S4, calculated the weighted value of each attribute by weighting function according to the significance level of the first product record and each attribute of the second product record, and the weighted value of multiple attribute is kept in the 4th array;

S5, in conjunction with the 3rd array of attribute similarity angle value and the 4th array of weighted value, calculated the overall similarity of the first product record and the second product record by overall similarity function.

2. a kind of Internet of Things data similarity disposal route according to claim 1, it is characterized in that: in described step S3, attribute function comprises product another name matching strategy function, product price conversion matching strategy function, standardization date match policy function, standardization place of production matching strategy function and editing distance algorithmic function.
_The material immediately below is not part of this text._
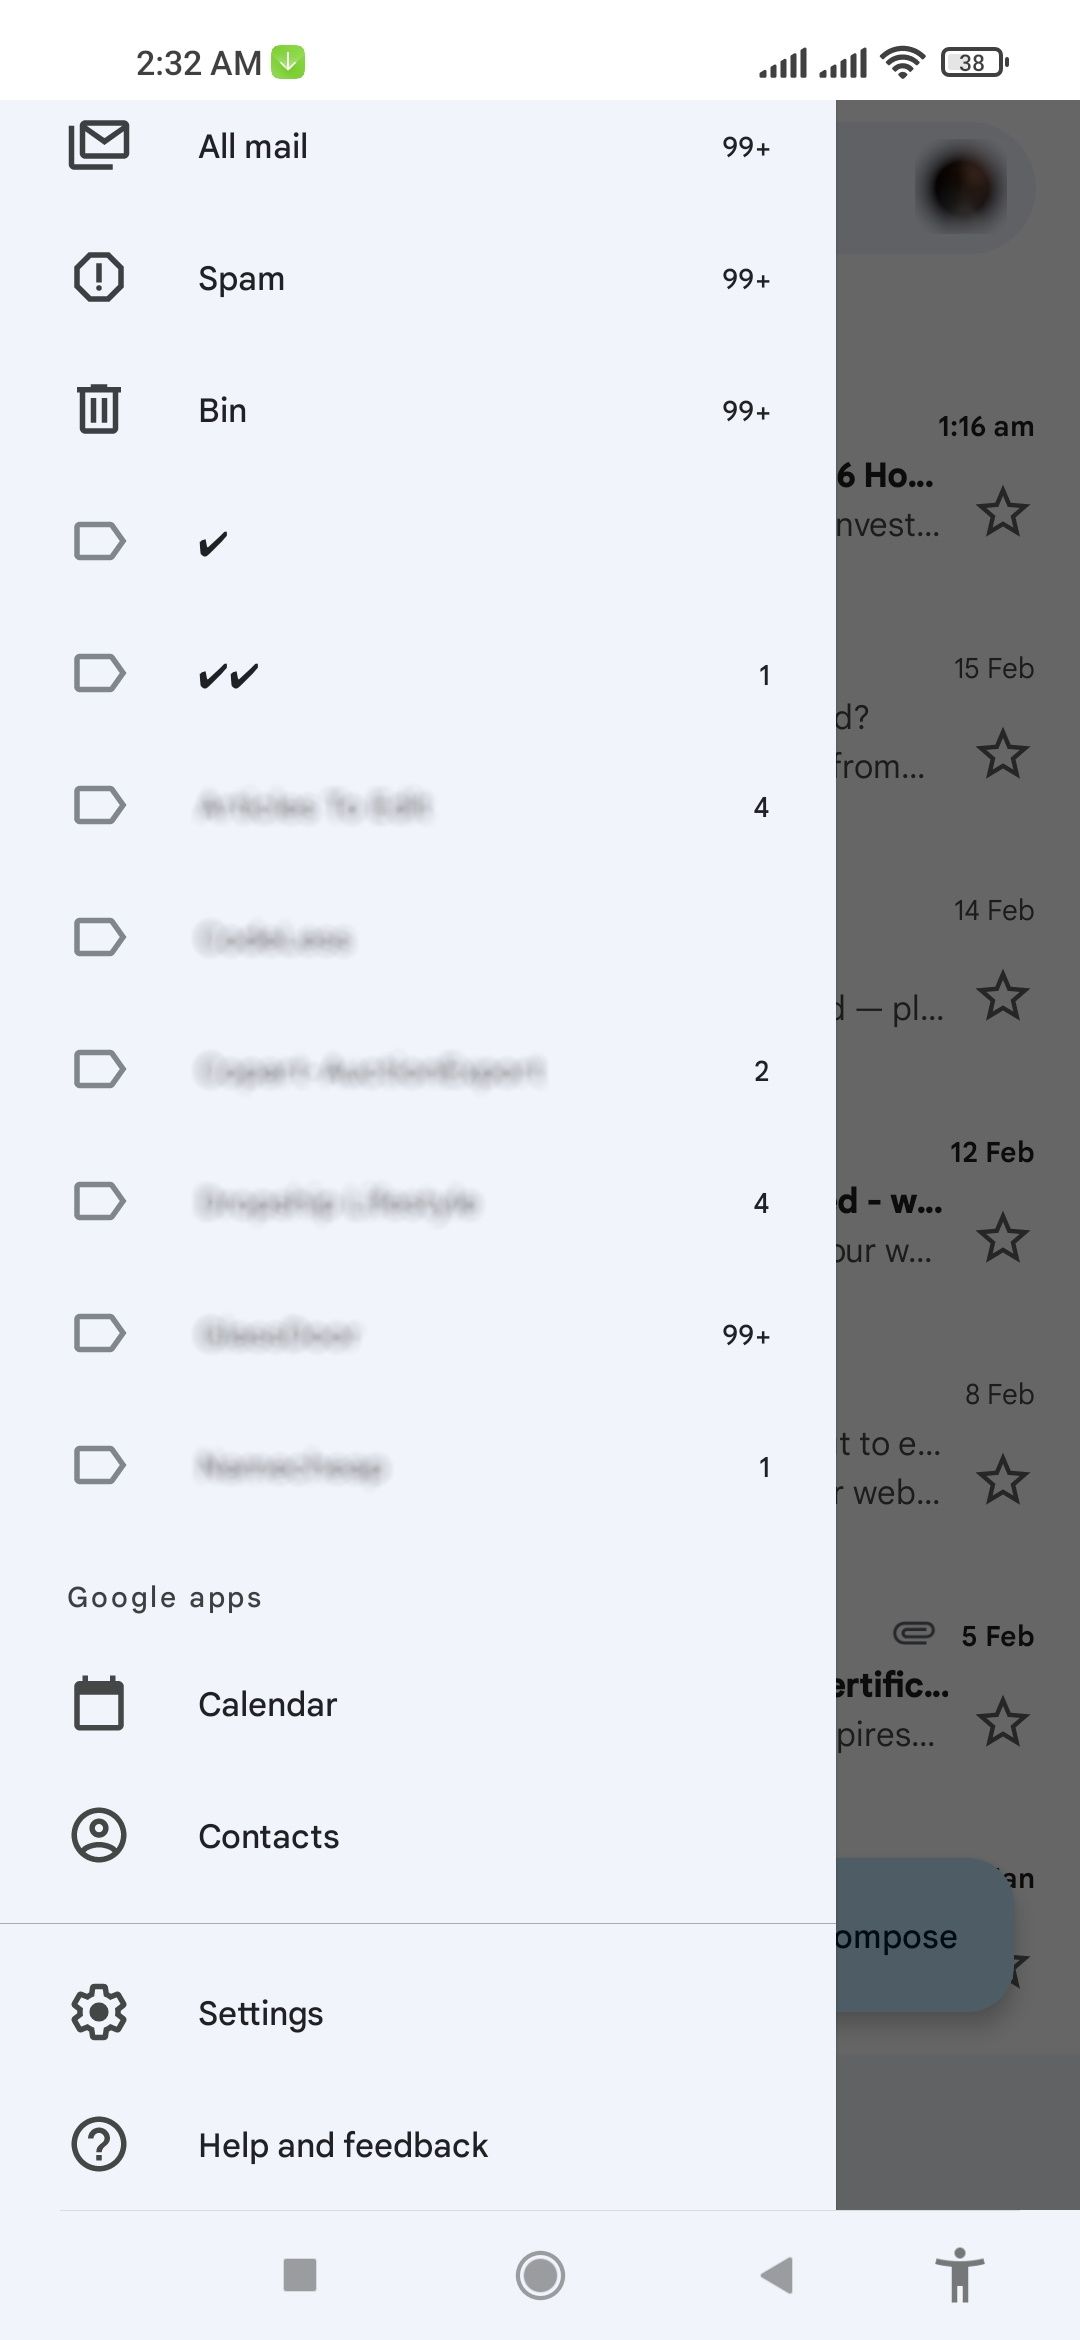 Gmail Dark Mode settings

3. a kind of Internet of Things data similarity disposal route according to claim 1, it is characterized in that: in described step S2, the attribute of the first product record successively puts into multiple first attribute array according to the order in name of product, price, date of manufacture, the place of production, and multiple first attribute array forms described first array.
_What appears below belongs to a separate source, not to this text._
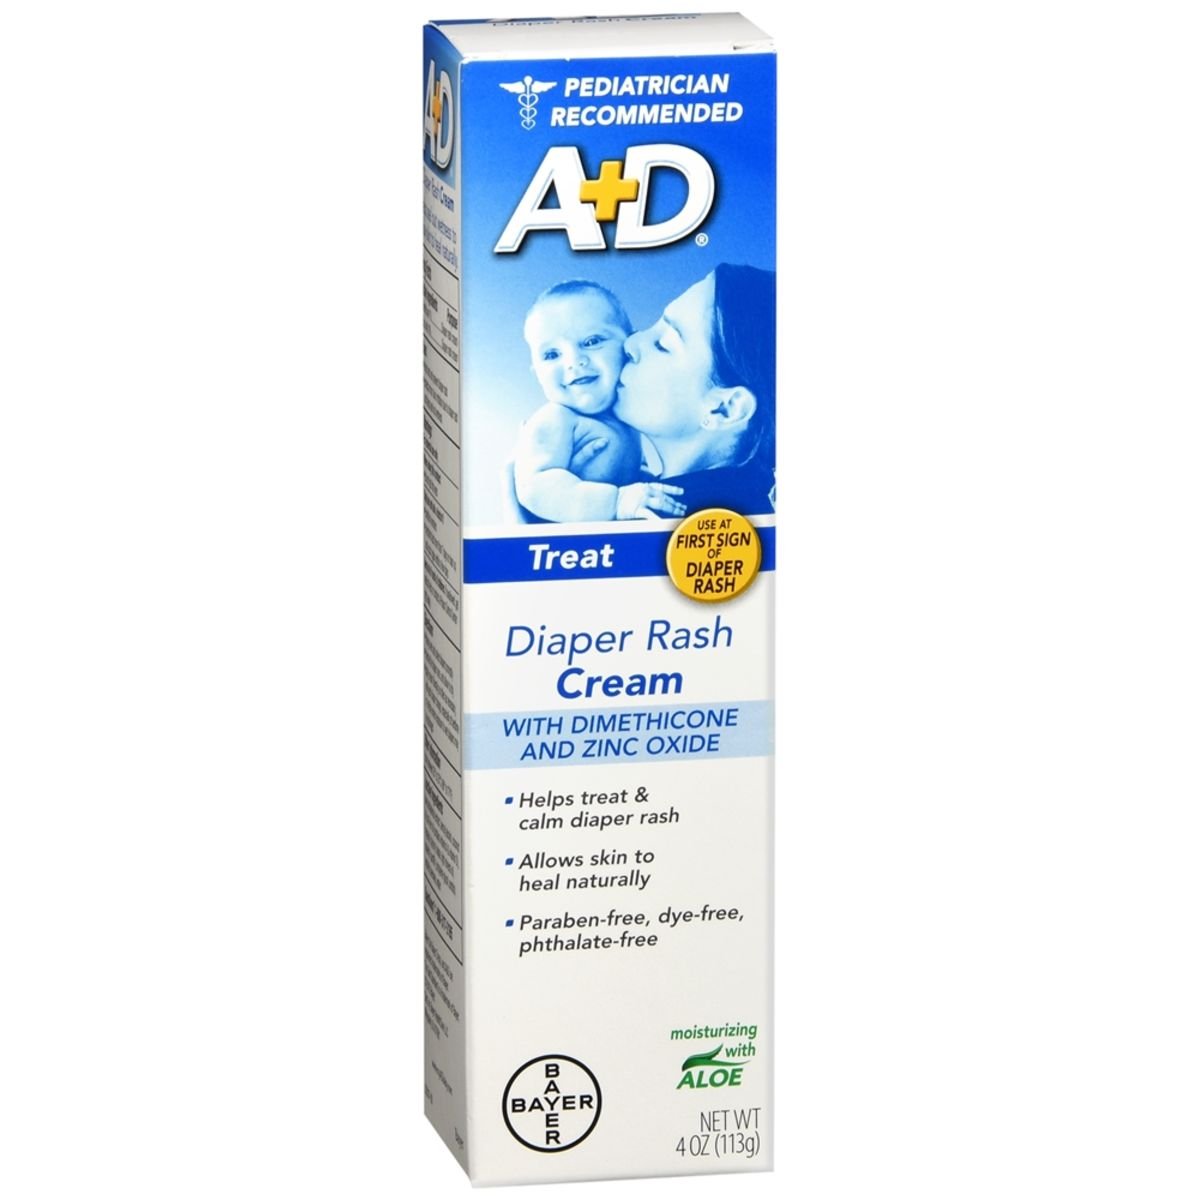 A&D Dimethicone Zinc Oxide Diaper Rash Cream

4. a kind of Internet of Things data similarity disposal route according to claim 1, it is characterized in that: in described step S2, the attribute of the second product record successively puts into multiple second attribute array according to the order in name of product, price, date of manufacture, the place of production, and multiple second attribute array forms described second array.